The tissue regions of the pathological slides were obtained using the OTSU algorithm sourced from the OpenCV library (https://opencv.org/). The OTSU algorithm, also referred to as the maximum interclass variance method, effectively performs image thresholding by dividing the image into two distinct components: the undesired background and the essential tissue region for subsequent analysis [21]. For images at 40 × magnification, segmentation involved partitioning the images into multiple sub-images of 1024 × 1024 pixels in size, whereas images at 20 × magnification were divided into sub-images of 512 × 512 pixels in size, which were subsequently upsampled to 1024 × 1024 pixels. Following segmentation, the pathologists reviewed the segmented sub-images to exclude those with deficient image quality, such as those with contamination, blurriness, or blank areas exceeding 50 %. A total of 20 random sub-images were selected from each pathological image for further analysis.

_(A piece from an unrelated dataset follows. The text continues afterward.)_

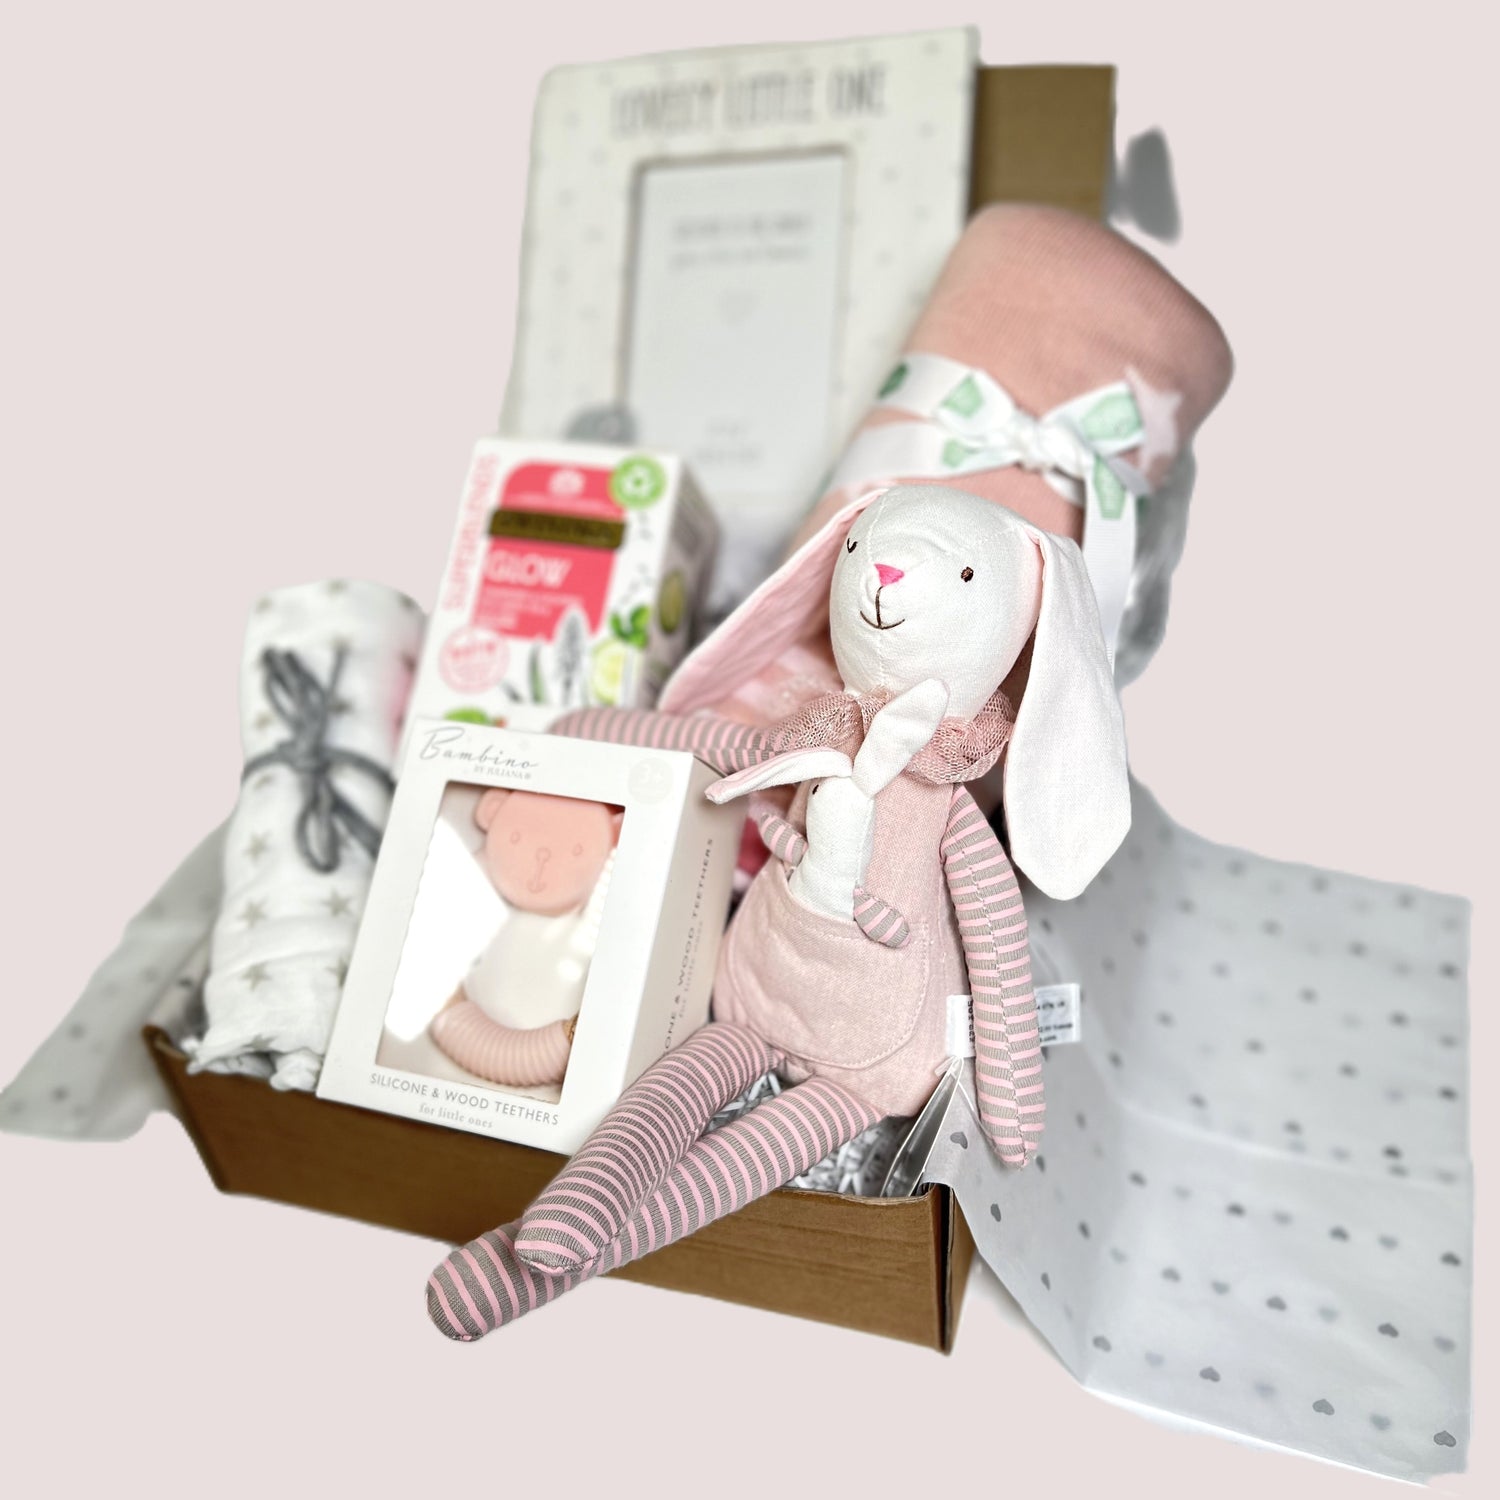 New parents gift hamper for a baby girl includes a pink star print cotton baby blanket, a bambino bear teether, a white and grey muslin square, a wooden photo frame and a packet of "Glow" teabags.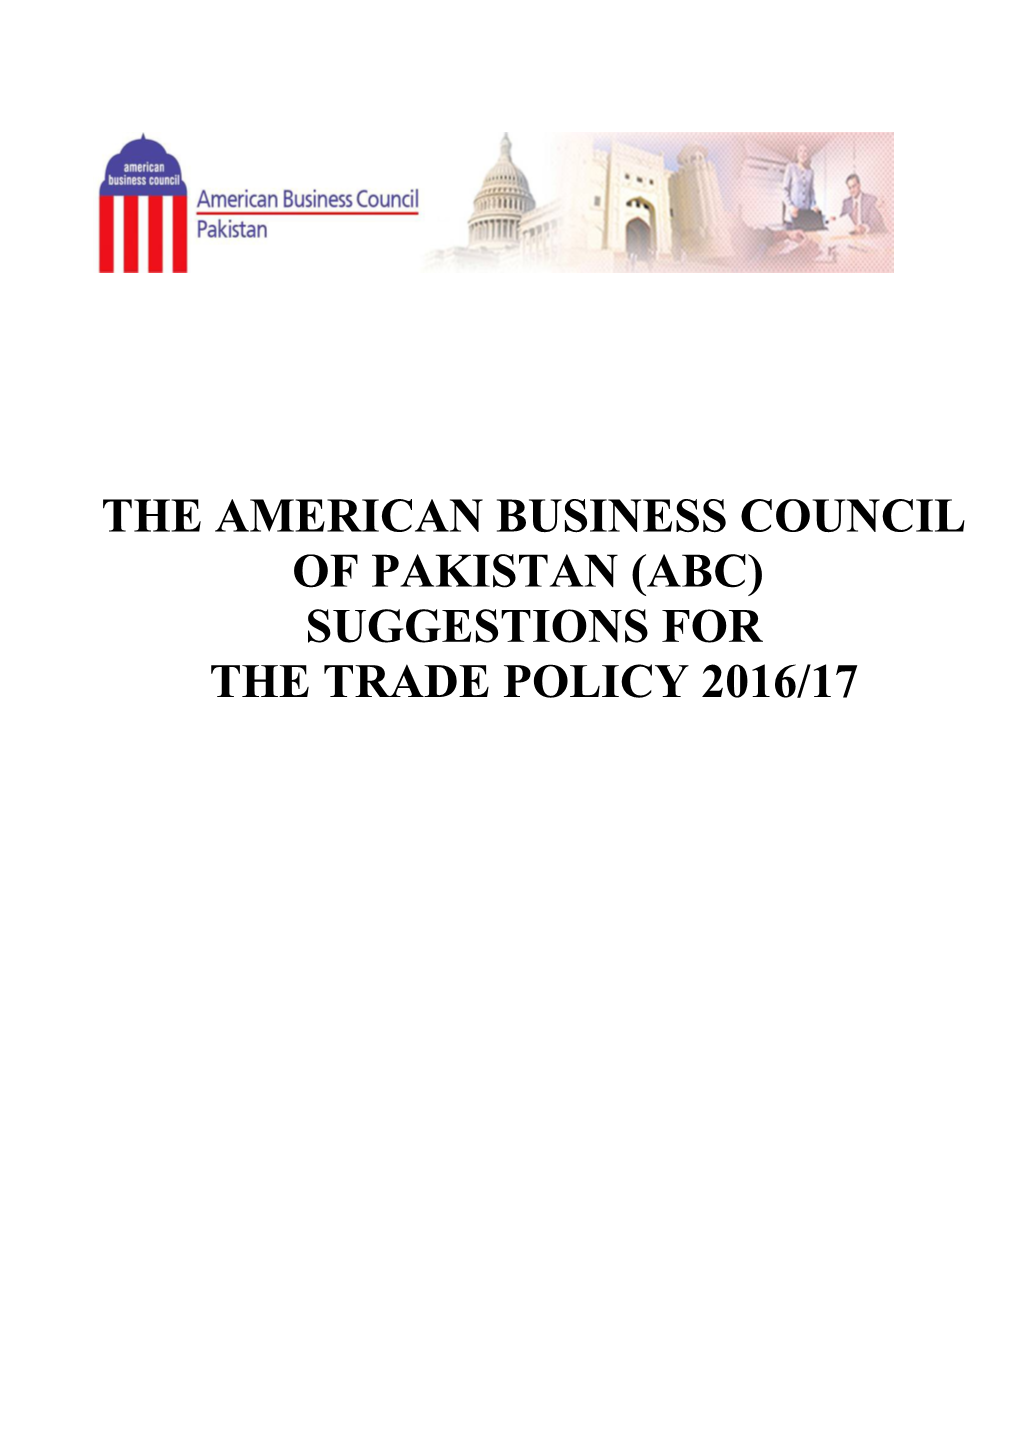 Abc Suggestions for Trade Policy 2008-09

The PyRadiomics open-source package (https://pyradiomics.readthedocs.io/en/latest/) was employed to standardize the sub-images and extract a comprehensive set of 93 original features, encompassing both first- and second-order features. In addition, high-order features such as Wavelet (LL, LH, HL, HH), LoG (kernel size: 1, 2, 3, 4, 5), Square, SquareRoot, Logarithm, Exponential, Gradient, and LBP2D were extracted. This resulted in a total of 1488 features. To ensure robustness, features of 10 sub-images were individually extracted for each patient, and the corresponding average values were subsequently calculated. These average values served as the histopathological features for each sample, thereby facilitating subsequent data analysis [12,22,23].
2.4. Dataset partitioning
The dataset was randomly divided into training and validation sets in a 7:3 ratio using the “caret” package in R. The histopathological features extracted by the “pyradiomics” package, comprising a total of 1488 features, were normalized by z-score within the training set. Subsequently, the validation set was standardized using the mean and standard deviation values obtained from the training set. To analyze intergroup differences in clinical variables between the training and validation sets, the “CBCgrps” package in R was utilized.
2.5. Feature selection
To improve the analysis outcomes and reduce dataset dimensionality, a feature selection process was conducted. First, features with zero variance were removed as they lacked discriminatory information. Next, to reduce redundancy and multicollinearity, one feature from each highly correlated pair (correlation coefficient >0.9) was removed. To determine the optimal feature subset, the minimum Redundancy Maximum Relevance (mRMR) and Recursive Feature Elimination (RFE) algorithms were employed, using the “mRMRe” package in R [24]. These algorithms select features with high relevance to the target variable while minimizing redundancy.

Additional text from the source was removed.